Posted on 24 July 2017 by dana1981

In the Paris climate treaty, nearly every world country agreed to try and limit global warming to no more than 2°C above pre-industrial temperatures, and preferably closer to 1.5°C. But a new study published in Nature Climate Change notes that the agreement didn’t define when “pre-industrial” begins.

Our instrumental measurements of the Earth’s average surface temperature begin in the late-1800s, but the Industrial Revolution began in the mid-1700s. There’s also a theory that human agriculture has been influencing the global climate for thousands of years, but the mass burning of fossil fuels kicked the human influence into high gear.

We may be at 1°C or 1.2°C warming since “pre-industrial”

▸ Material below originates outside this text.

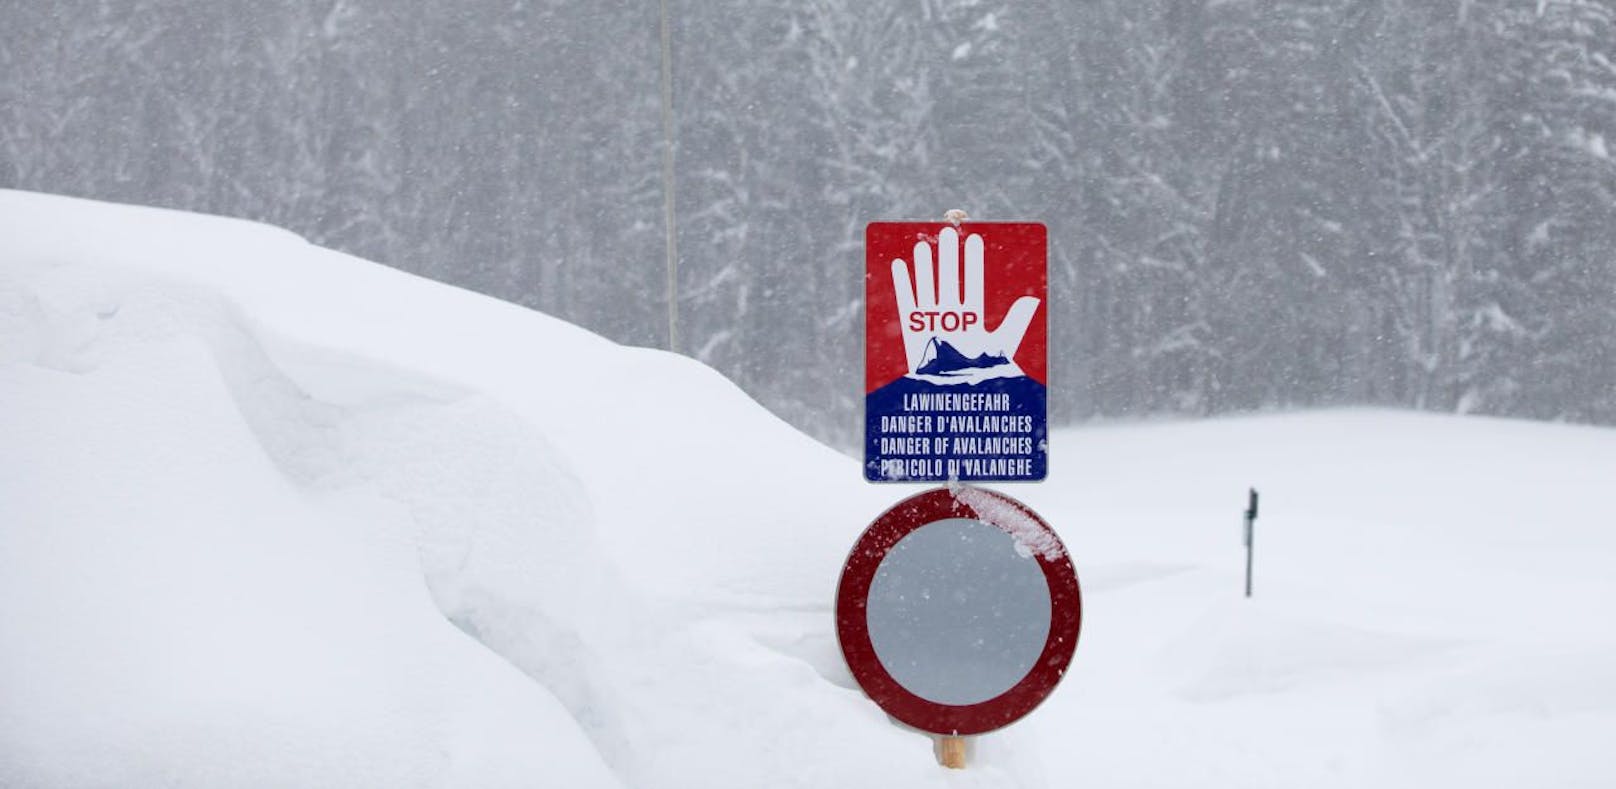 Vom Schnee verschüttet: Vermisste Tourengeher tot

We know that since the late-1800s, humans have caused global surface temperatures to rise by about 1°C. But what about the human influence in the centuries before that, which are technically still “pre-industrial”? The new study used climate model simulations from 1401 to 1800, during which time we know the climate influences of natural effects like solar and volcanic activity fairly well. They found that depending on the starting point, global surface temperatures during that period were 0 to 0.2°C cooler than the late-1800s.

According to the last IPCC report, to have a 50% chance of staying below the 2°C target, when accounting for non-carbon greenhouse gases, we have a remaining budget of about 300bn tons of carbon dioxide. But that was for 2°C warming above late-1800 temperatures. If we add another 0.1°C of pre-industrial warming, the study authors estimated that the budget shrinks by 60bn tons (20%), and if there was an additional 0.2°C pre-industrial warming, the 2°C carbon budget shrinks by 40%. As one of the study authors Michael Mann put it:

Either the Paris targets have to be revised, or alternatively, we decide that the existing targets really were meant to describe only the warming since the late 19th century.

It’s an important point if we want to measure whether we’ve succeeded or failed in meeting the Paris climate targets. And it’s important to know if our budget should be set at no more than 300bn tons, or more like 200bn tons of carbon dioxide pollution.

We’re moving in the wrong direction

However, we’re not yet on track to meet the Paris climate target budget. Based on current national pledges, humans will cause around 3 to 3.5°C warming above late-1800 temperatures by 2100. However, the Paris treaty included a ratcheting mechanism through which countries can gradually make their carbon pollution targets more aggressive. If successful, that ratcheting could limit global warming to 1.8°C above late-1800 temperatures, which is likely less than 2°C above pre-industrial temperatures.


Global greenhouse gas emissions and 2100 temperatures under no action, current pledges (INDCs), and successful ratcheting scenarios. Illustration: Climate Interactive

To accomplish that goal, the US would have to ratchet its carbon pollution down to 45% below 2005 levels by 2030, for example. But at the moment, America is moving in the wrong direction, shamefully becoming the only nation announcing withdrawal from the Paris treaty, aiming to join Nicaragua (which declined to sign due to objections that the agreement was too weak) and Syria (which did not participate due to a civil war) as the only non-signatory countries. Fortunately, other countries like China and the EU are stepping up to fill the global leadership role vacated by America under the Trump administration.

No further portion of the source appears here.